- **Brief**:
Keep the pictures out. Copy every line of the listing exactly.

- **Dataset entries**:
----------------

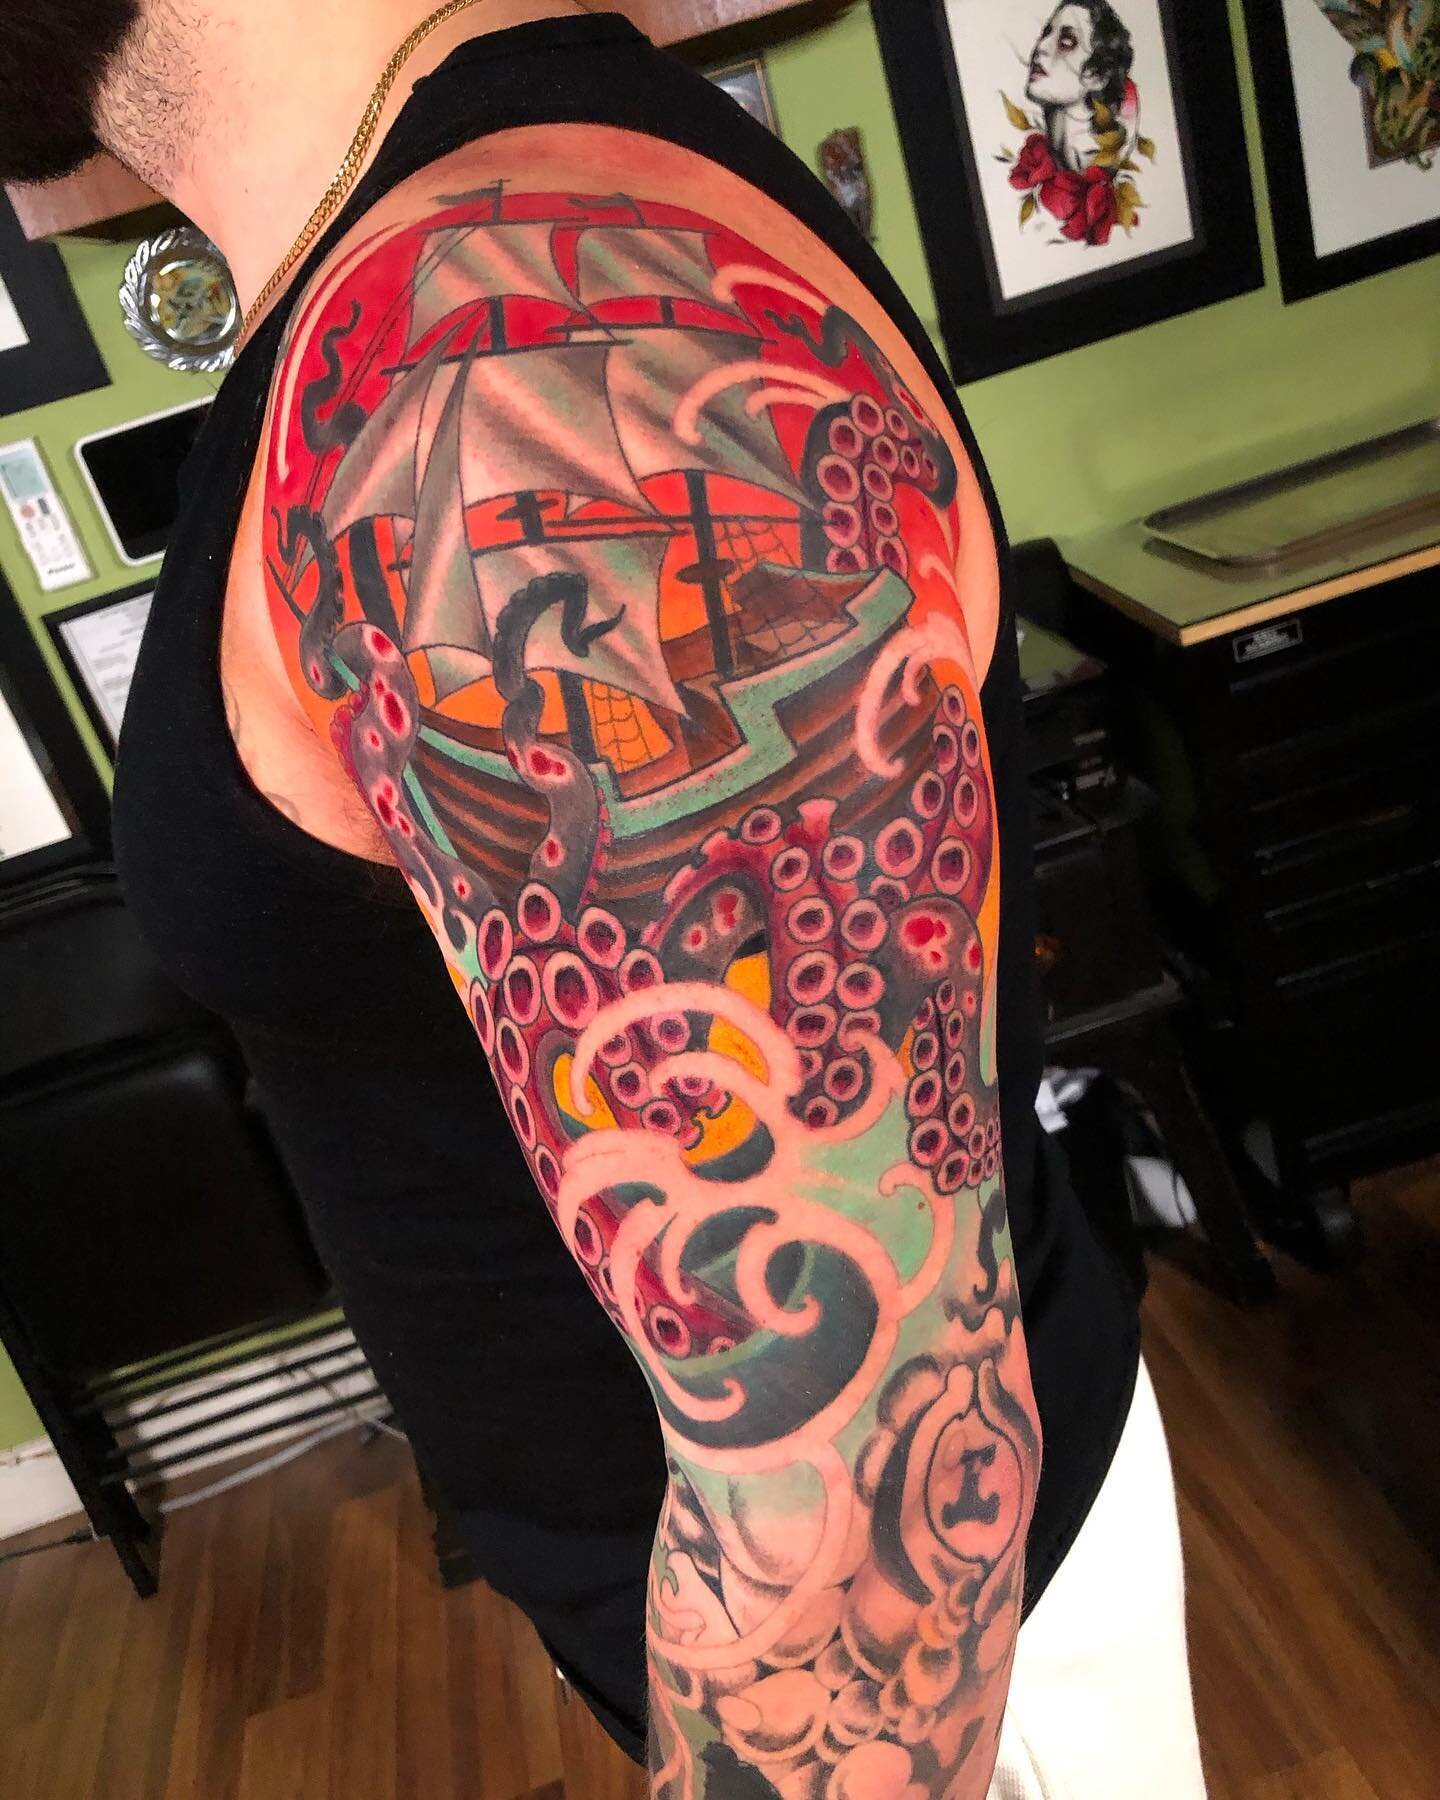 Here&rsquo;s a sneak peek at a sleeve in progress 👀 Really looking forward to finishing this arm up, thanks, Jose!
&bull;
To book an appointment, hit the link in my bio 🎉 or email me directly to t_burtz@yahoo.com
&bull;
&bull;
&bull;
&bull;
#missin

----------------

- **Expected answer**:
 Here&rsquo;s a sneak peek at a sleeve in progress 👀 Really looking forward to finishing this arm up, thanks, Jose!
&bull;
To book an appointment, hit the link in my bio 🎉 or email me directly to t_burtz@yahoo.com
&bull;
&bull;
&bull;
&bull;
#missin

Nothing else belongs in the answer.